**Supplied data**
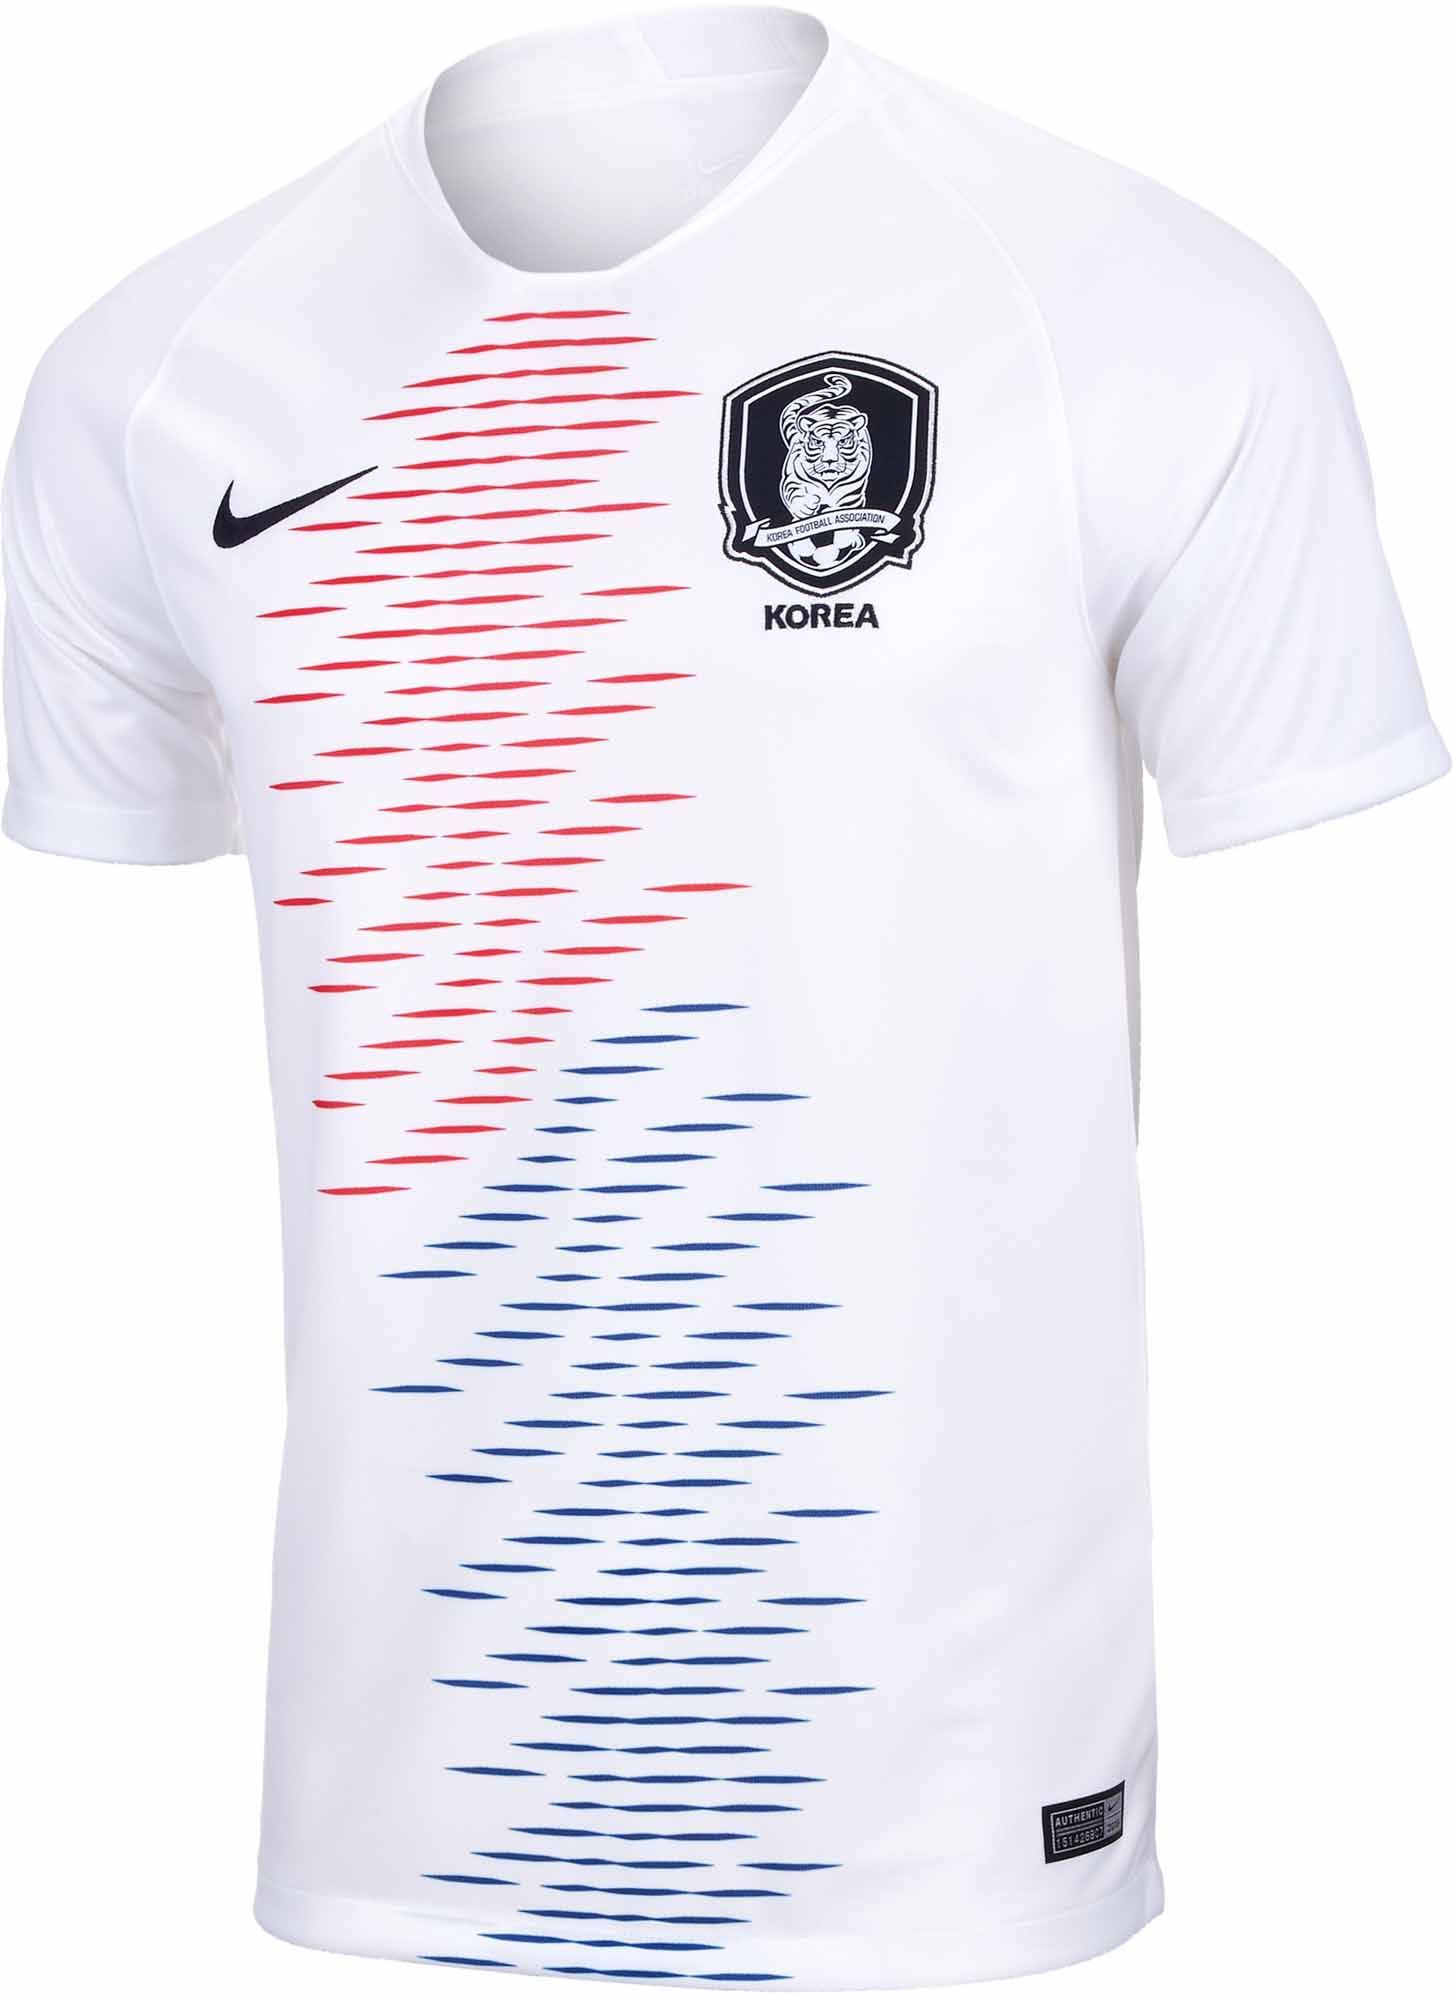 Nike South Korea Away Jersey 2018 19 Soccerpro Soccer Jersey Mens Soccer Jersey
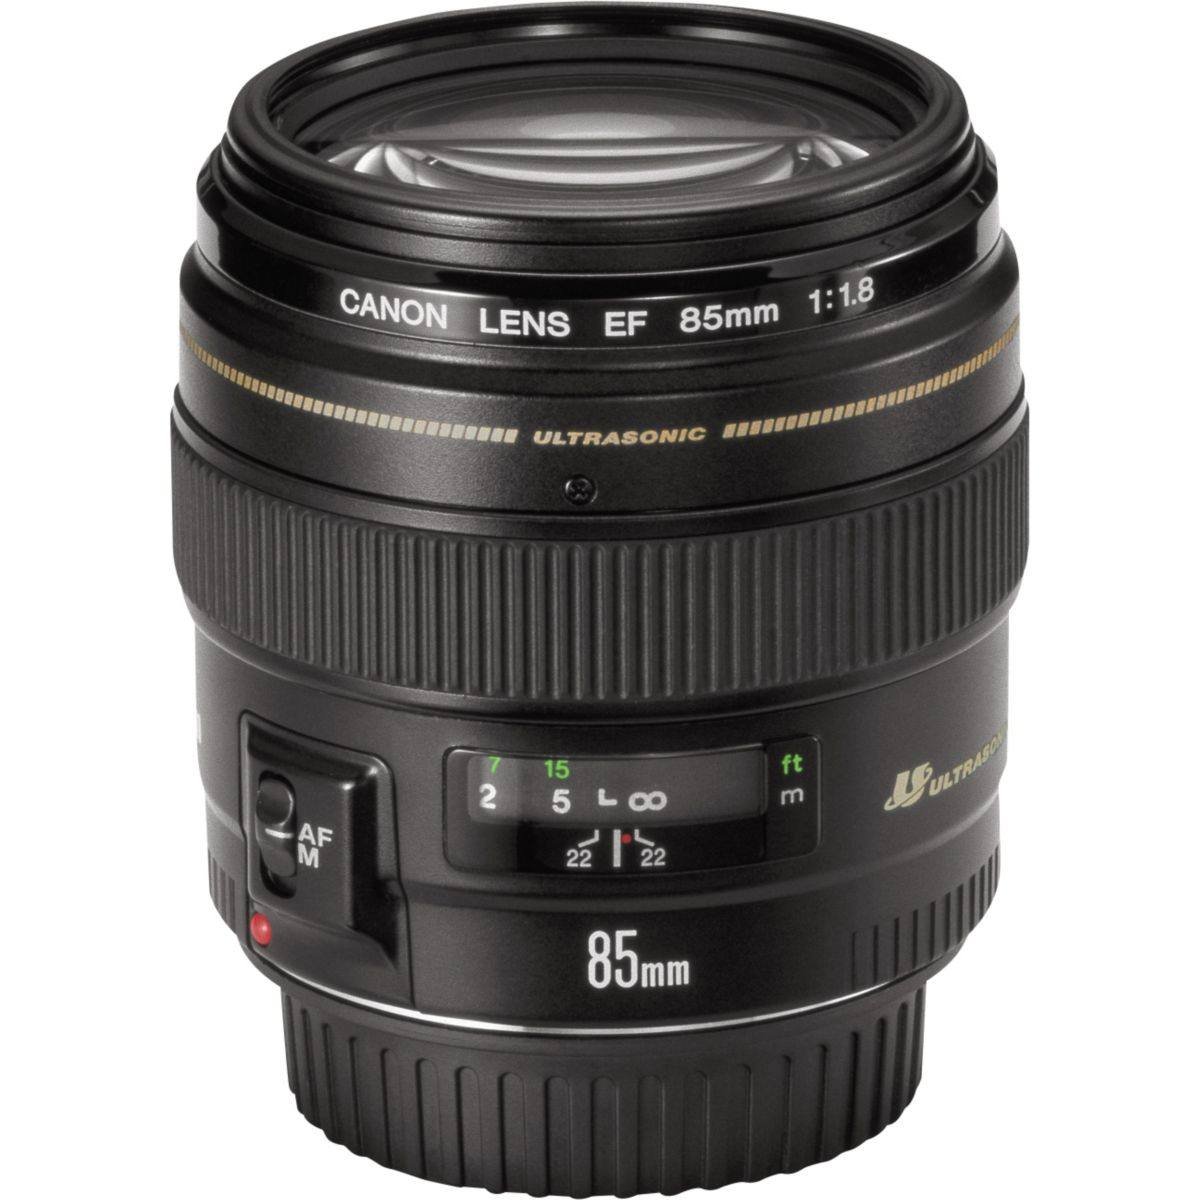 Objectif pour reflex plein format canon ef 85mm f/1.8 usm
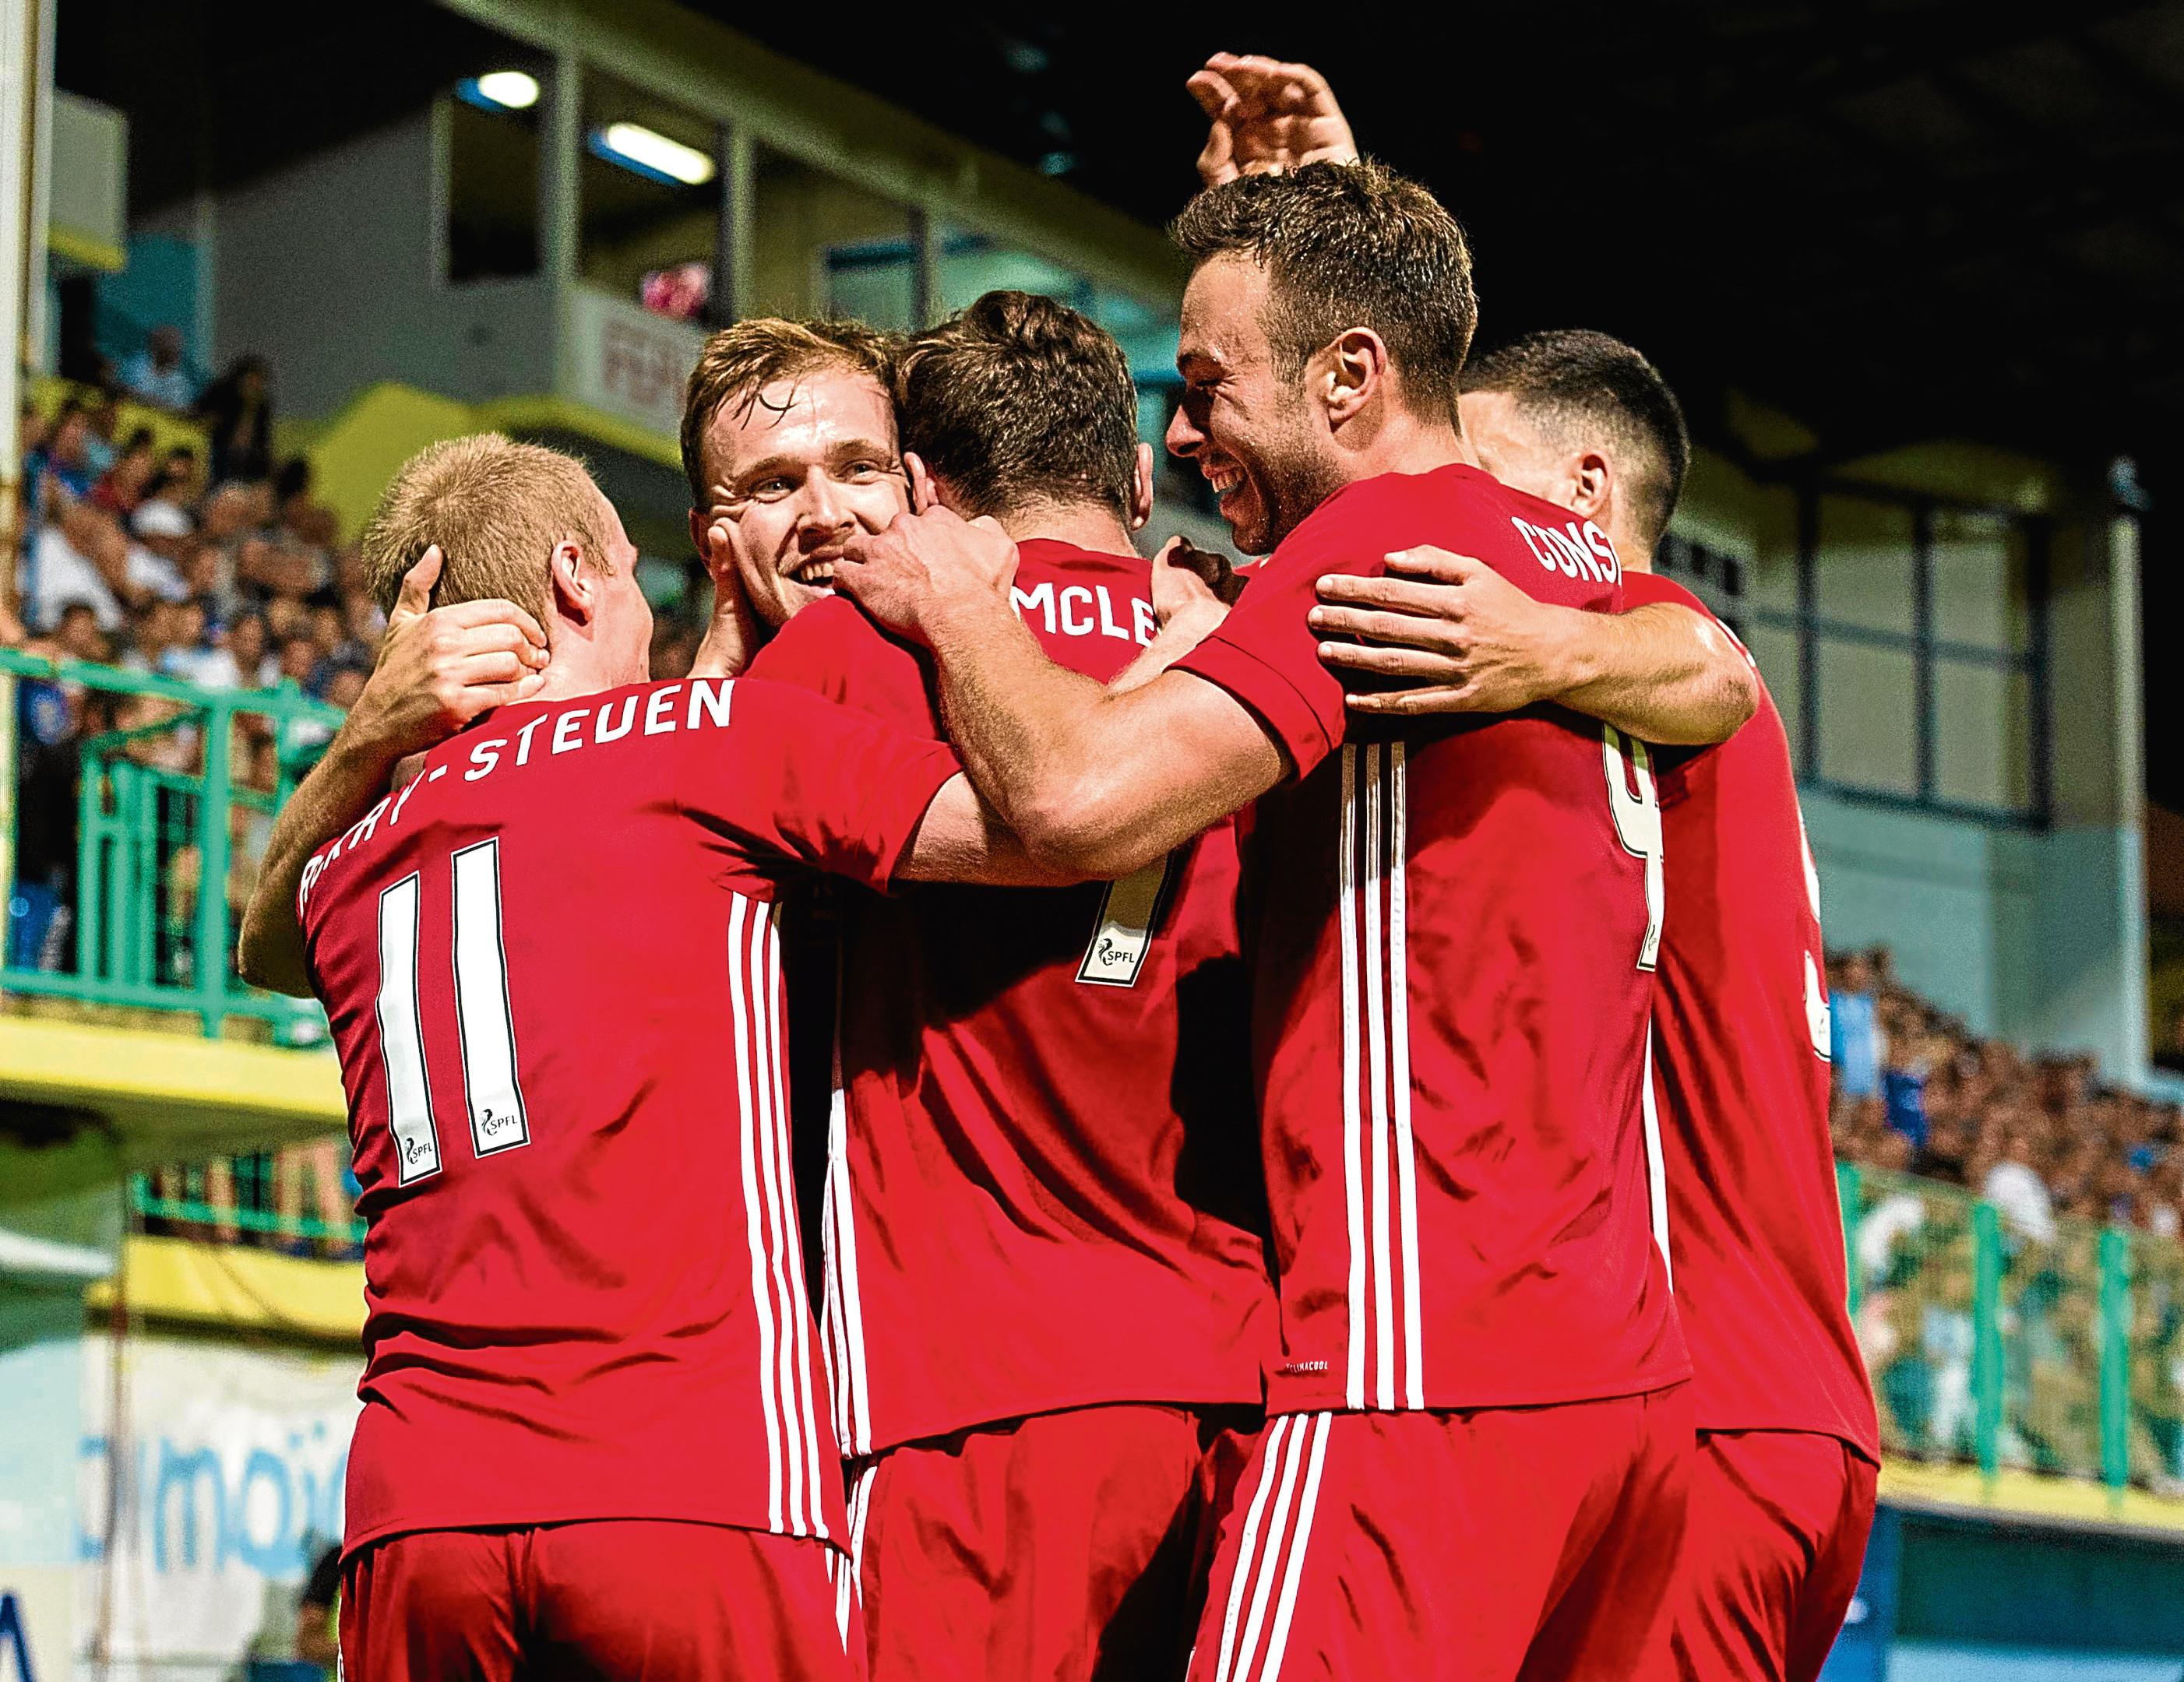 Aberdeen's Greg Stewart (second from left) celebrates his goal with his team-mates against Siroki Brijeg.
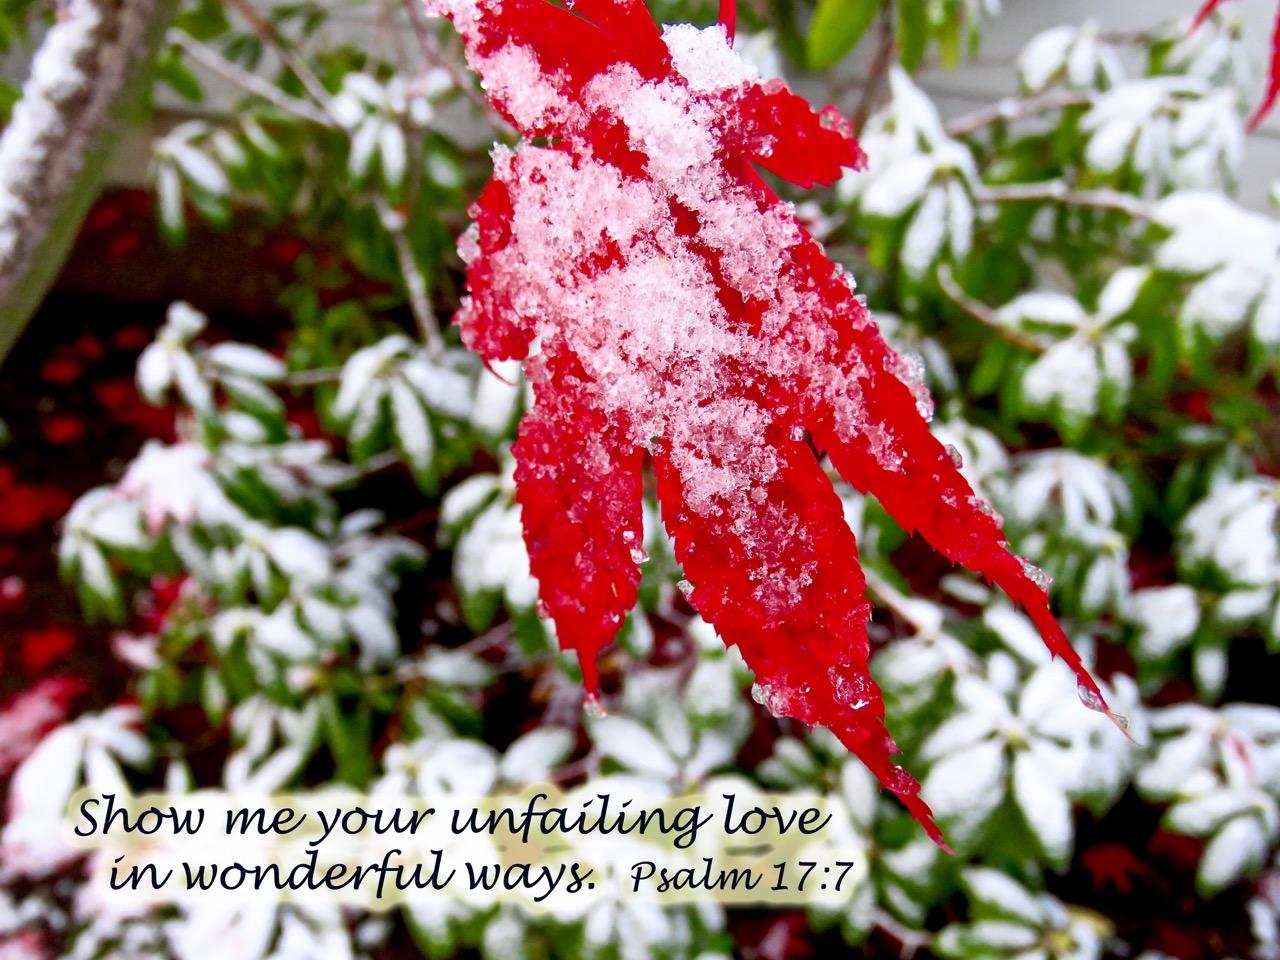 Psalm 17 7

**Problem**
Set down the material word for word, and drop every picture from it.

**Exercise response**
 Nike South Korea Away Jersey 2018 19 Soccerpro Soccer Jersey Mens Soccer Jersey
 Objectif pour reflex plein format canon ef 85mm f/1.8 usm
 Aberdeen's Greg Stewart (second from left) celebrates his goal with his team-mates against Siroki Brijeg.
 Psalm 17 7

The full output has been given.